Split make_csv_dataset batches intro a train and validation set?

gwiesenekker · November 27, 2022, 1:17am

Following up on my ‘Solved: Abalone Shell Load CSV batch input from dataset’ topic:

abalone_csv_ds = tf.data.experimental.make_csv_dataset(
    abalone_file_path,
    column_names=["Length", "Diameter", "Height", "Whole weight", "Shucked weight",
           "Viscera weight", "Shell weight", "Age"],
    batch_size=10, # Artificially small to make examples easier to show.
    label_name='Age',
    num_epochs=1,
    ignore_errors=True,)

def pack(features, label):
  return tf.stack(list(features.values()), axis=-1), label

packed_dataset = abalone_csv_ds.map(pack)

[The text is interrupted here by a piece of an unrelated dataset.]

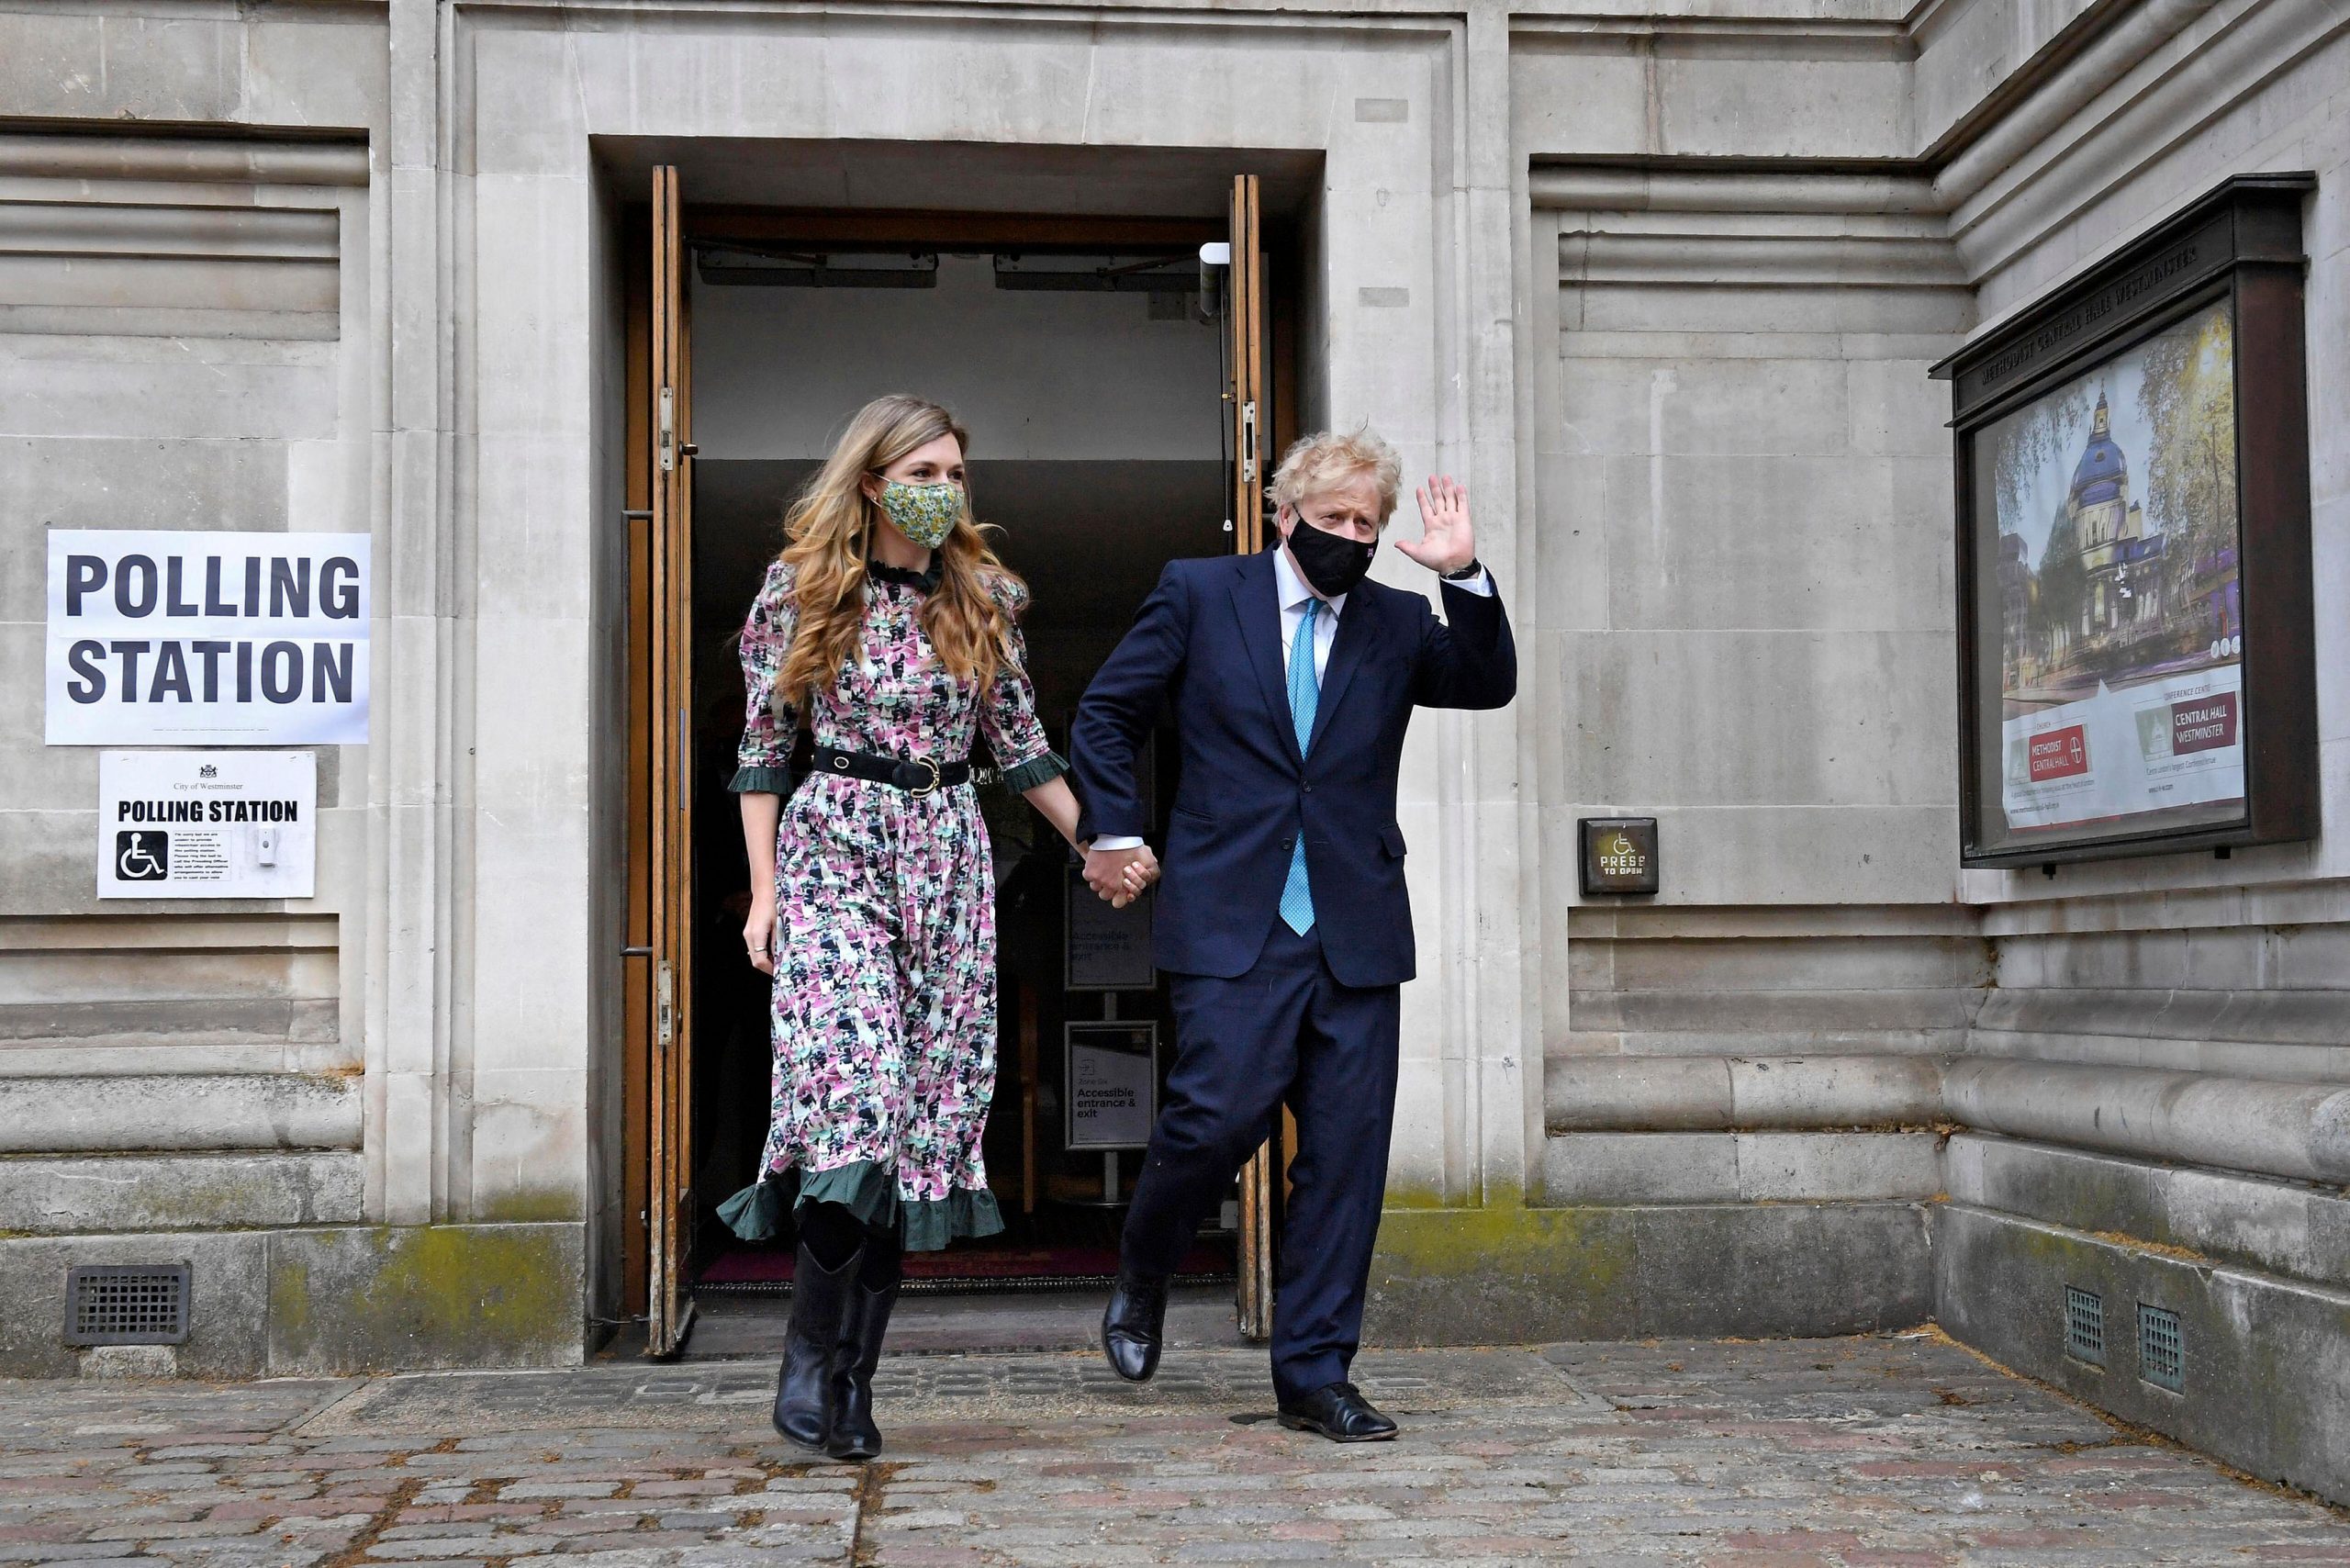 Boris Johnson marries fiance Carrie Symonds in secret ceremony: Reports

Model.fit(packed_dataset, ..)

As make_csv_dataset does not seem to support split: I guess packed_dataset is not split automatically into a training and test set? Any suggestions on how to split the CSV batches into a train and validation set?

Thanks,
GW

Atia · November 27, 2022, 10:40am

Check out tf.data.Dataset.take. Link attached here

gwiesenekker · November 27, 2022, 11:47am

Hi,

Thank you. take(1) seems to return one batch of 10 records (or 100 or 1000, whatever you specify for batch_size), so something like this that I found does not work as DATASET_SIZE is equal to 1:

train_size = int(0.7 * DATASET_SIZE)
val_size = int(0.15 * DATASET_SIZE)
test_size = int(0.15 * DATASET_SIZE)

full_dataset = tf.data.TFRecordDataset(FLAGS.input_file)
full_dataset = full_dataset.shuffle()
train_dataset = full_dataset.take(train_size)
test_dataset = full_dataset.skip(train_size)
val_dataset = test_dataset.skip(test_size)
test_dataset = test_dataset.take(test_size)

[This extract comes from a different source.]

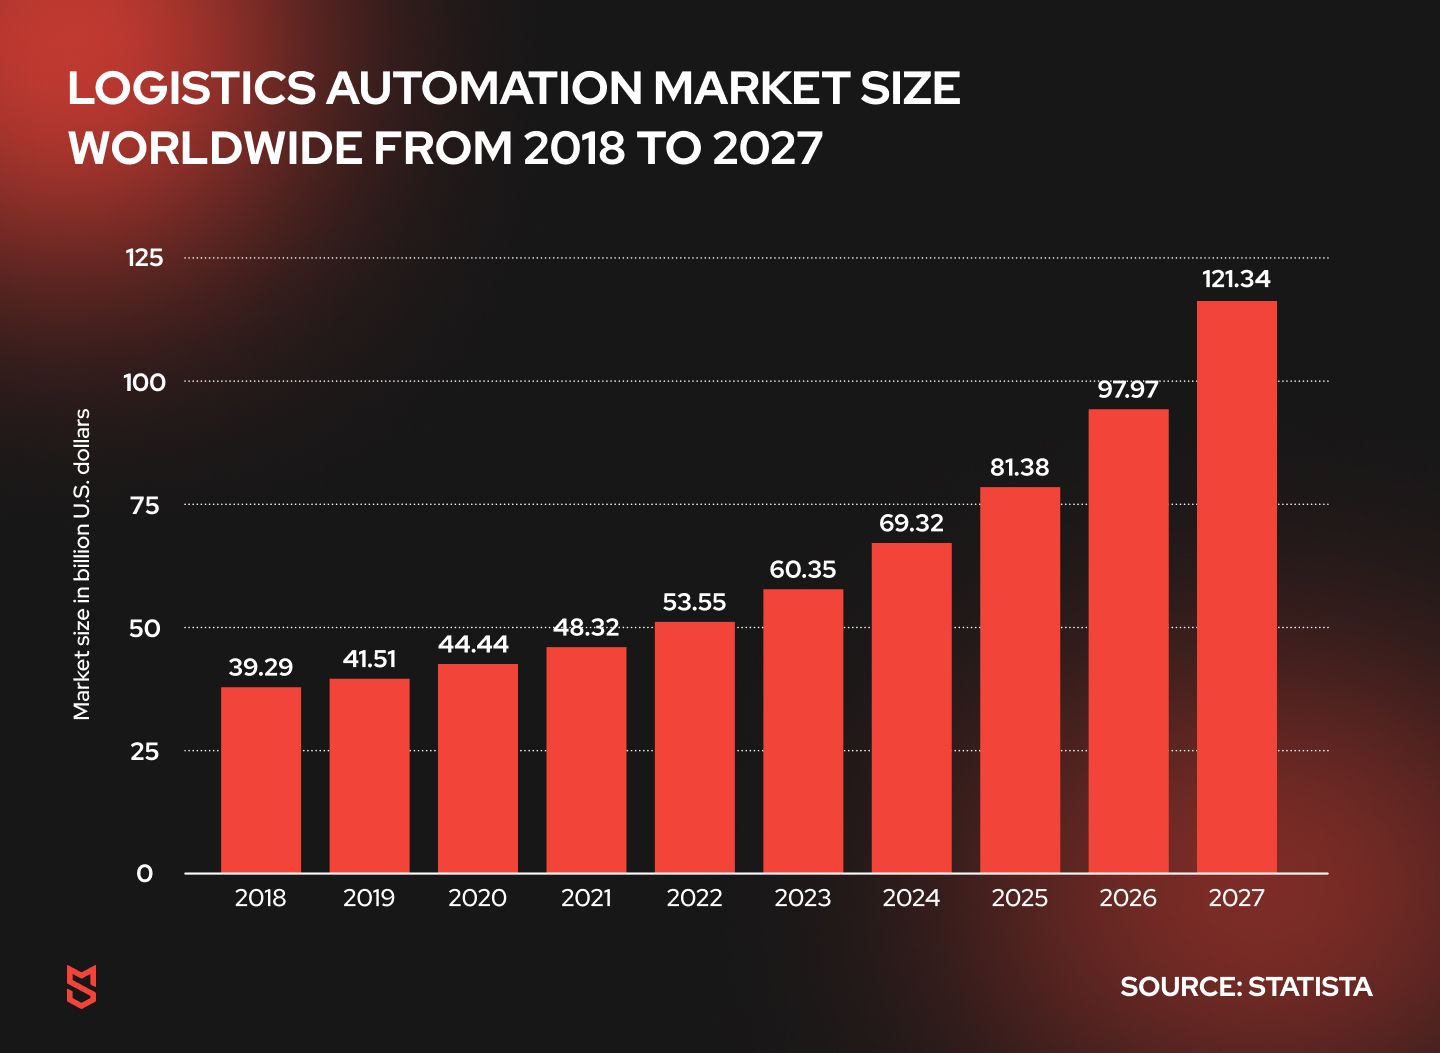 The global logistics automation market size

According to the documentation take() returns a dataset, but take(1) does not have a split() method. Any suggestions?

Thanks,
GW

Atia · November 27, 2022, 12:06pm

I see 2 ways you can do your split.

Do the splitting before you batch your dataset (as in the example code)
Use the take() and skip() methods to select the various batches you need for training, validation and testing. This works for both batched and unbatched data.

The example code you provided works best if your dataset has not been batched yet which is why it is not working with the current state of your dataset.

gwiesenekker · November 29, 2022, 6:23am

Hi,

When applied to batches the take() and skip() methods return/skip one batch per take. Suppose you would like to use an 80/20 split you would have to take(8), skip(8) and take(2) batches which becomes an issue near the end of the dataset as not enough batches might be available.

Continuing from the packed_dataset above, the following code trains a model per batch, splitting each batch in a train and validation set using train_test_split from scikit-learn:

for epoch in range(200):
    print('epoch=', epoch)
    for features, labels in packed_dataset:
        x_train, x_test, y_train, y_test =
            train_test_split(features.numpy(), labels.numpy(), test_size=0.2)
        model.fit(x_train, y_train,
                  batch_size=8,
                  validation_data=(x_test, y_test))

Regards,
GW